Antalyaspor düşme ihtimali en yüksek takımlar arasından hem kazanarak hem de rakiplerinin puan kayıpları nedeniyle giderek sıyrıldı. Ancak mevcut risk gelecek haftalarda oynanacak zorlu engeller karşısında devam ediyor.
Geçen hafta oynanan maçın hafızalarda kalacak en güzel yanı, yaklaşık 30 derece hava şartlarında olağanüstü seyirci atmosferi ve tribün şovlarıyla birlikte tribün ambiyansıydı. İlk kez bir Anadolu takımına karşı 27 bin seyircinin üzerine çıkma potansiyeli yakalanarak bu alanda rekor kırıldı. Nitekim Antalyaspor takımına ve kentine her maçta böylesine yüksek seyirci ortalaması yakışır.
Maçta teknik anlamda dikkat çeken aksaklıklar takımı bir puana mahkum etti. Çoğu Antalyaspor otoritesi rakiplerin kaybettiği haftada bir puana razı olurken, açıkçası fırsat kaçırdığını kimse düşünmüyor. Hiç değilse bir puan iyidir evet ama böylesine atmosferde rakibin beceriksizliğine karşılık kaybedilen iki puanın muhasebesi gelecek haftalarda gider kalemine yazılabilir.
Kısıtlı imkanlar dahilinde Hamza Hoca’nın kendi saha ve seyircisi önünde yeteri kadar risk almadığı hissedildi.
Emre Güral son haftaların en formsuz isimleri arasında yer alırken neden Deniz Kadah yerine ilk on birde tercih edildiği anlaşılmadı.
Sangare ve Sakıb ikilisinden daha etkin hücum performansları beklenirken, beklerin oyunda çok pısırık kalması rakibin işine yaradı.
Doukara iyi oyuncu ancak ona eşlik edecek veya besleyecek oyuncuların eksikliği hücum gücünü sınırlıyor.

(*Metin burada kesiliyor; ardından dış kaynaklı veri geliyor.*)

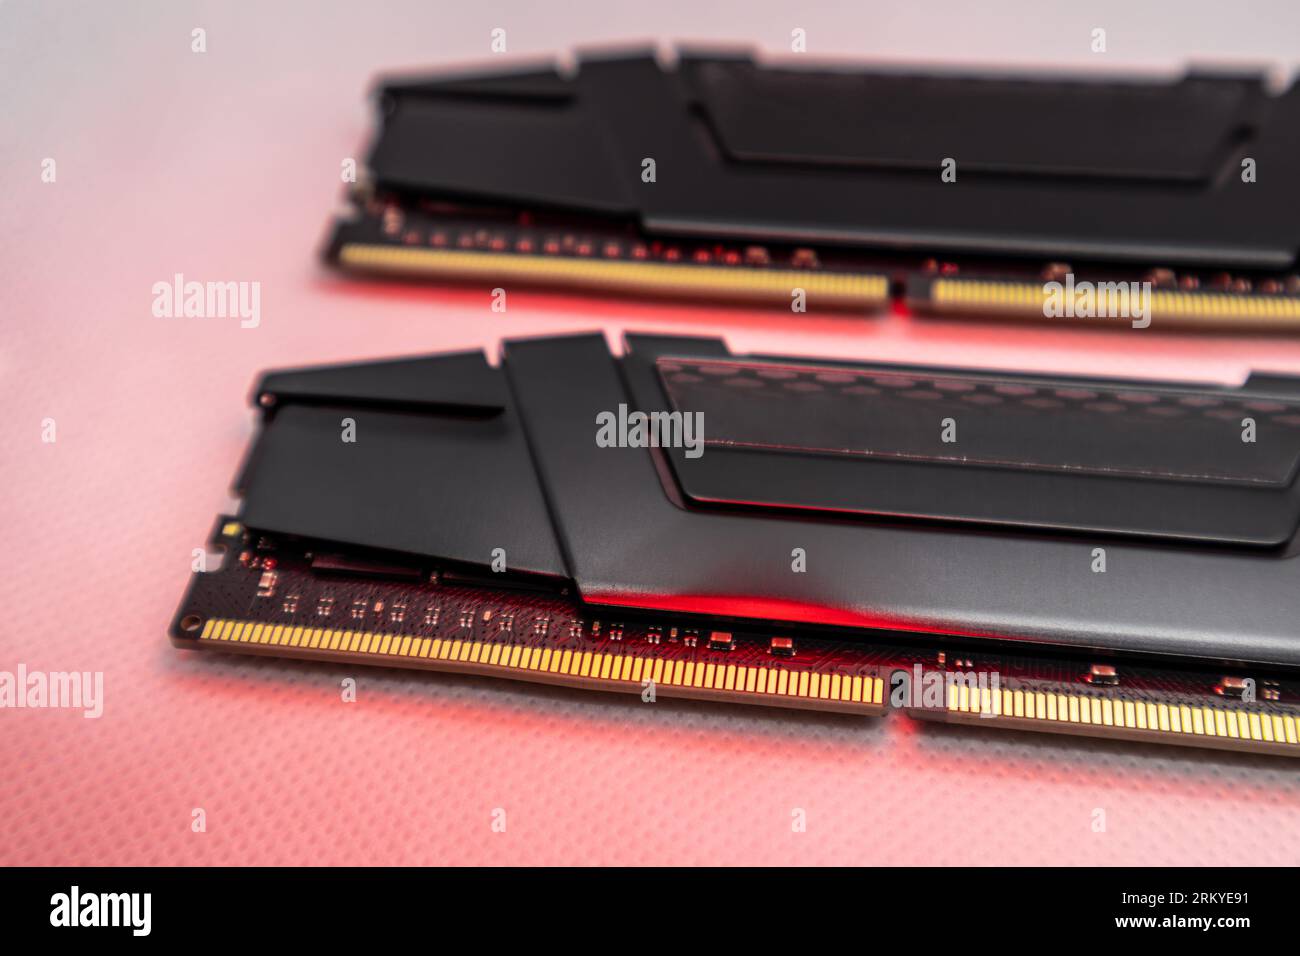 DDR4 DRAM memory modules in red light. Computer RAM chip close-up on white. Desktop PC memory parts for assemble Stock Photo

Ligin bitimine beş hafta kala önemli maçların olduğunu hatırlatmaktan ziyade yine aynı seyirci atmosferi sezon sonuna kadar taşınmalıdır. Zorlu rakipler karşısında ve mevcut kadro yapısı dikkate alındığında, çoğu Anadolu takımının çıkış noktası olan etten duvar anlayışında savunma taktiği benimsenebilir. Bu zorlu maç rallisinde kazanmanın yanı sıra özellikle kaybetme riskini en aza indirmenin yolu oyunun içinde kalacak mücadele gücü barındırmaktır.
Sporla kalın...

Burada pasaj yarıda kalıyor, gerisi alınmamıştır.